CS 208: Computer Organization and Architecture

Problems: floating points, fast adders, and other digital fauna

  1. Do problems 3.36, 37, 38, and 39 from the textbook. Note that problem 3.36 is to be done in base ten.

  2. The following questions concern IEEE 754 32-bit floating point numbers. When I refer to a "representable number," I mean a number whose exact value is one of the values that has a 32-bit IEEE 754 representation.

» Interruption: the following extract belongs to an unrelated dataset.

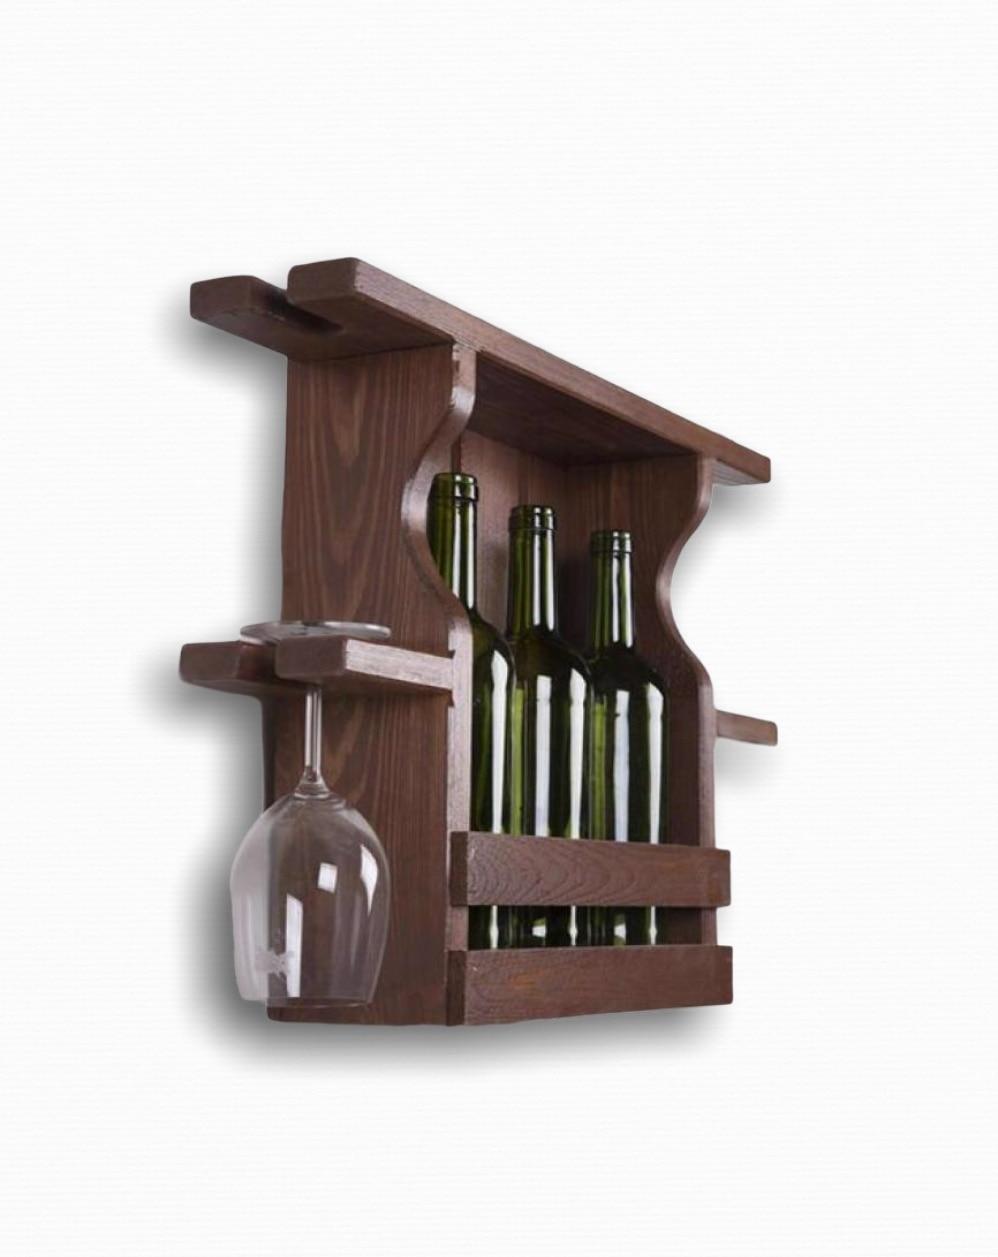 Natural Massive Wood Wine Stand Rack Bottle Cabinet Creative Holders Decorative Wooden Goblet Hanger Interior Decoration недорого

    • What is the smallest positive integer that is not representable?
    • What is the largest representable positive integer?
    • What is the smallest positive normalized number?
    • What is the largest positive denormalized number?
    • On page 3.10-6 (under Chapter/Appendix --> Chapter 3 --> 3.10) a paragraph begins "In 1963, the 7090 was replaced...." This paragraph goes on to describe a student who writes "(0.5 - x) + 0.5" instead of "1.0 - x" to "compensate for the lack of a guard digit." Explain in detail why the lack of a guard digit makes the sensible "1.0 - x" fail while "(0.5 - x) + 0.5" succeeds.
  3. Suppose I store a letter to my sister in a file called letter.txt, and the letter begins "Dear Jody". Now suppose I write a Java program that (1) opens letter.txt, (2) reads the first four bytes into an int variable k, and (3) prints k like so: System.out.println(k);. If I am using a computer with an Intel Pentium 4 processor (little-endian), what output does this program produce? If I am using a computer with a Motorola G4 processor (big-endian), what output does the program produce?